Here's what some of the leading thinkers in the field have to say about it:
A sober and easy-to-read review of the risks and opportunities that humanity will face from AI.
Jaan Tallinn – co-founder of Skype
Understanding AI – its promise and its dangers – is emerging as one of the great challenges of coming decades and this is an invaluable guide to anyone who’s interested, confused, excited or scared.
David Shukman – BBC Science Editor
We have recently seen a surge in the volume of scholarly analysis of this topic; Chace impressively augments that with this high-quality, more general-audience discussion.
Aubrey de Grey – CSO of SENS Research Foundation; former AI researcher
It's rare to see a book about the potential End of the World that is fun to read without descending into sensationalism or crass oversimplification.
Ben Goertzel – chairman of Novamente LLC
Calum Chace is a prescient messenger of the risks and rewards of artificial intelligence. In “Surviving AI” he has identified the most essential issues and developed them with insight and wit – so that the very framing of the questions aids our search for answers. Chace’s sensible balance between AI’s promise and peril makes “Surviving AI” an excellent primer for anyone interested in what’s happening, how we got here, and where we are headed.

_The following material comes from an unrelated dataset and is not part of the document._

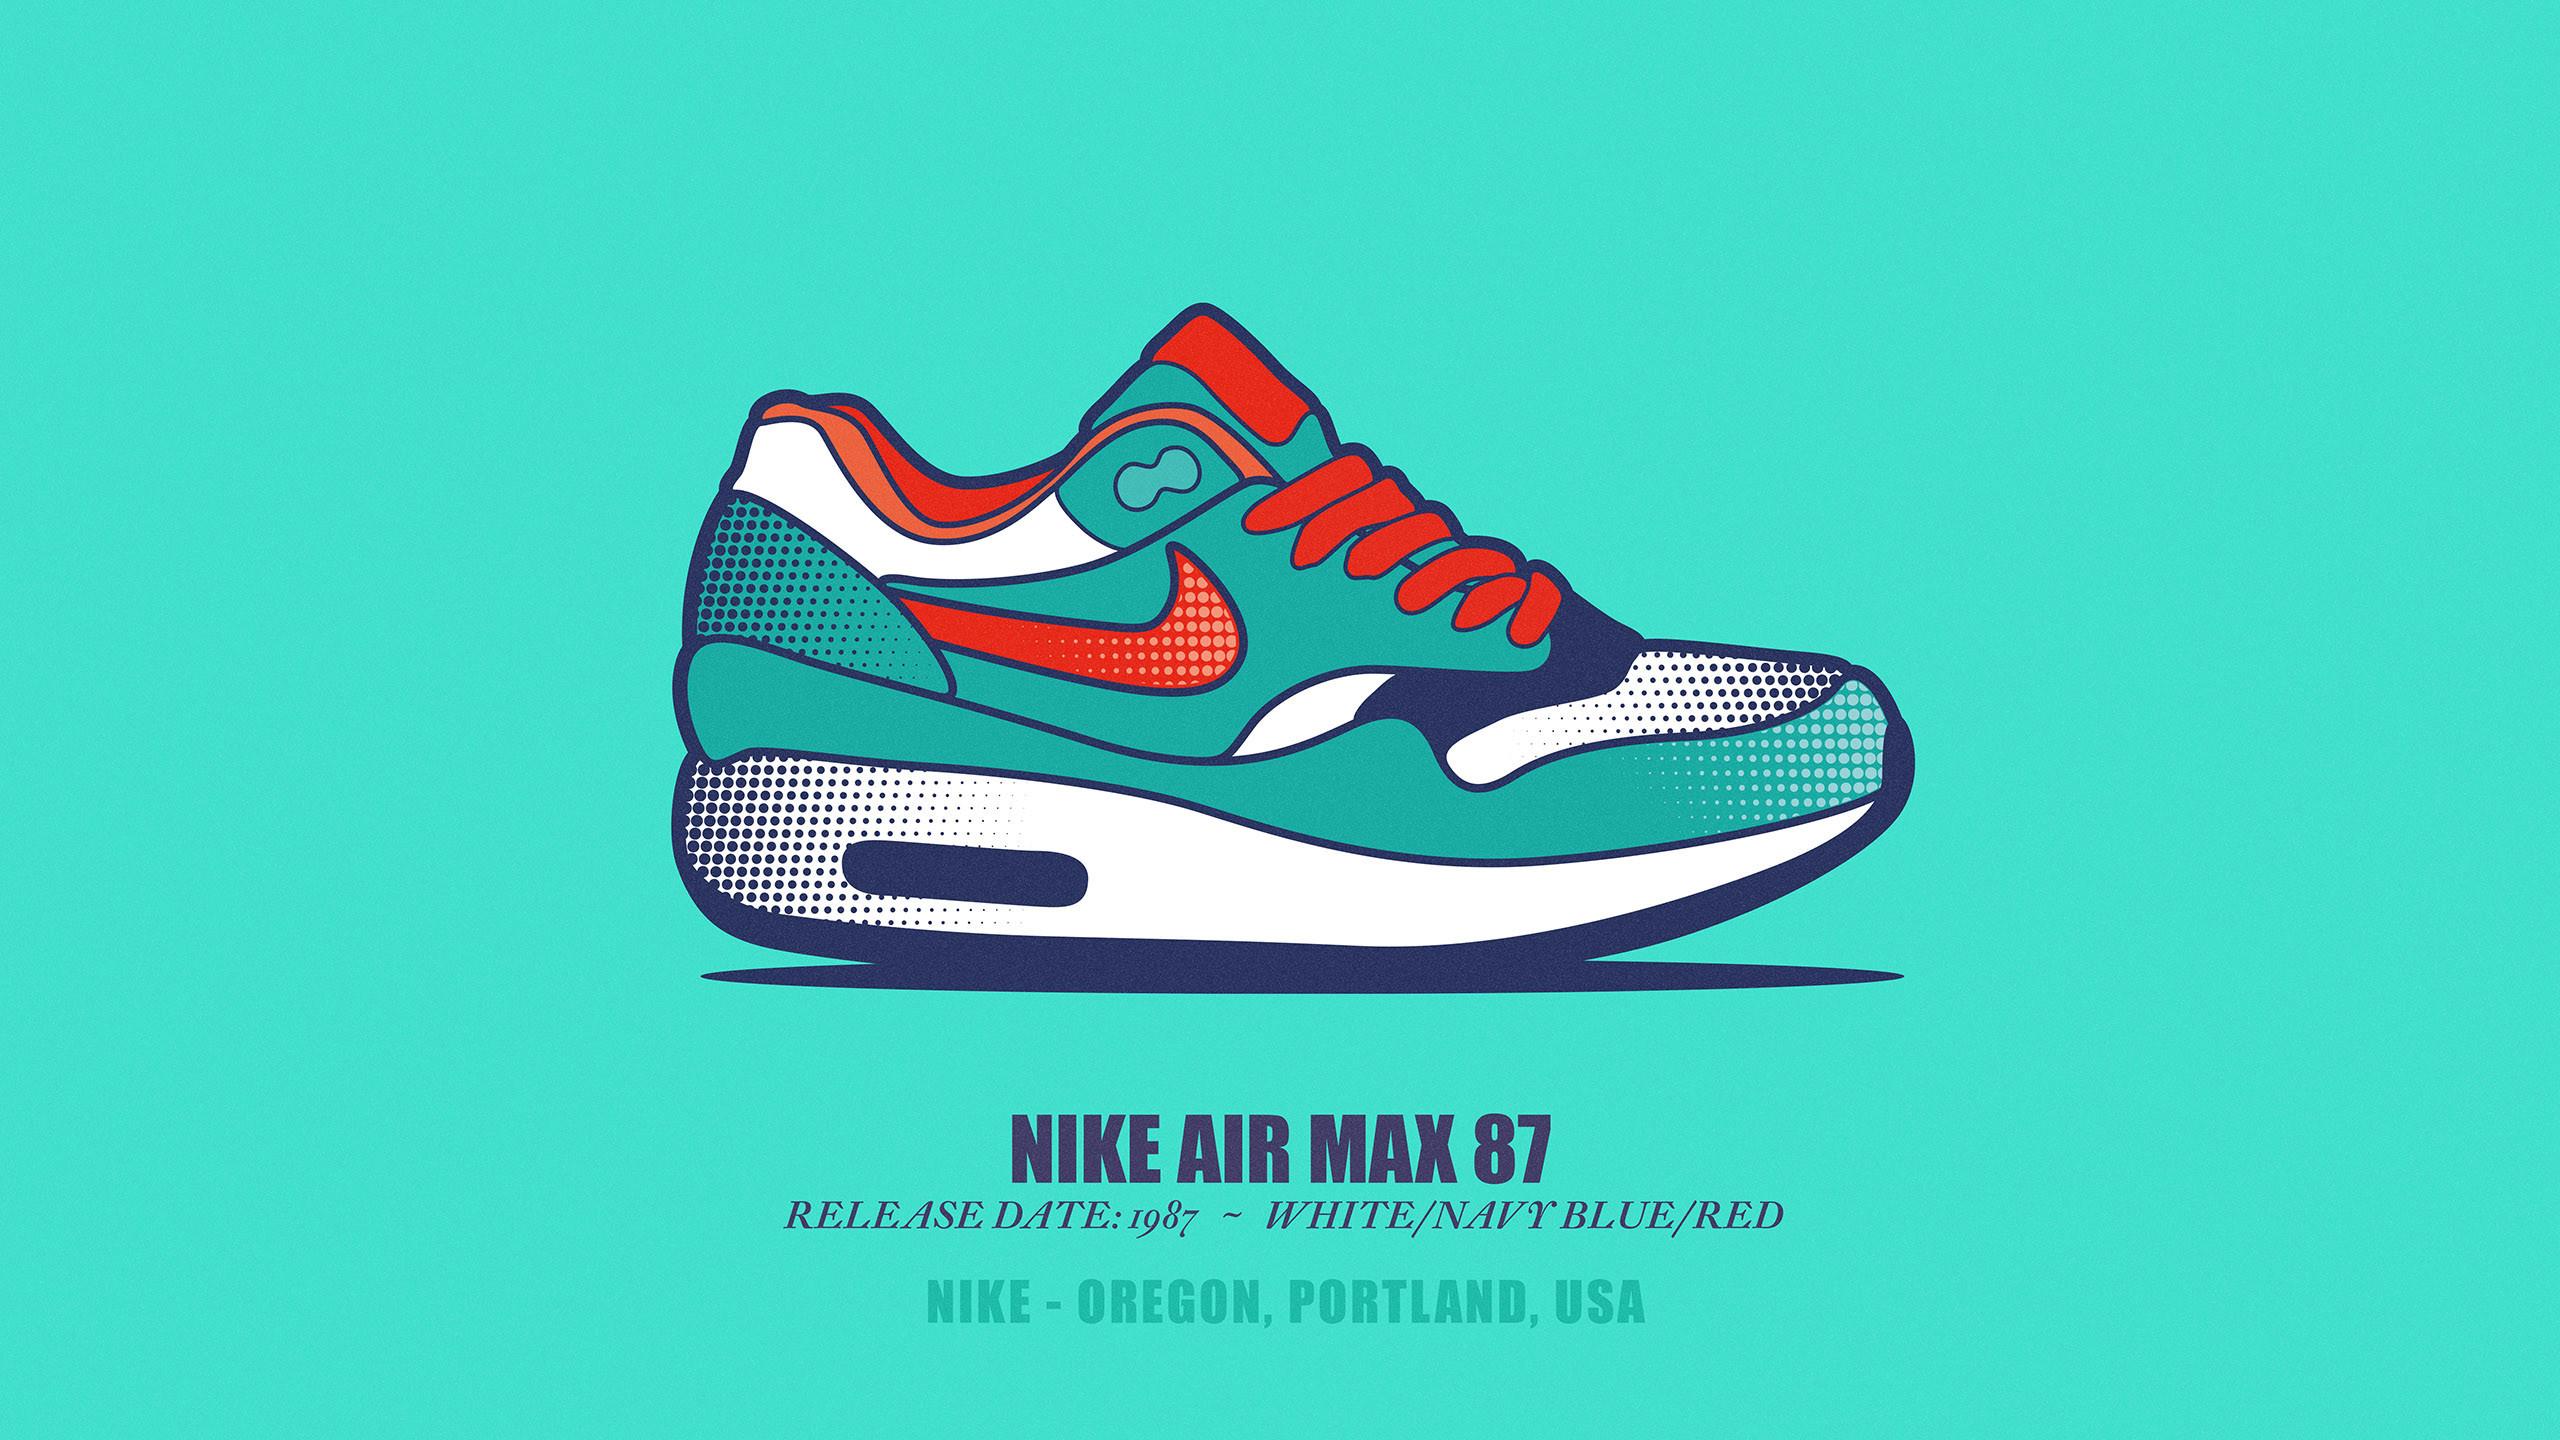 SneakerHDWallpapers.com – Your favorite sneakers in HD and ... |Foamposites Wallpaper Hd

Kenneth Cukier – co-author of “Big Data”
If you’re not thinking about AI, you’re not thinking. “Surviving AI” combines an essential grounding in the state of the art with a survey of scenarios that will be discussed with equal vigor at cocktail parties and academic colloquia.
Chris Meyer – author of “Blur”, “It’s Alive”, and “Standing on the Sun”
The appearance of Calum Chace's book is of some considerable personal satisfaction to me, because it signifies the fact that the level of social awareness of the rise of massively intelligent machines has finally reached the mainstream. If you want to survive the next few decades, you cannot afford NOT to read Chace's book.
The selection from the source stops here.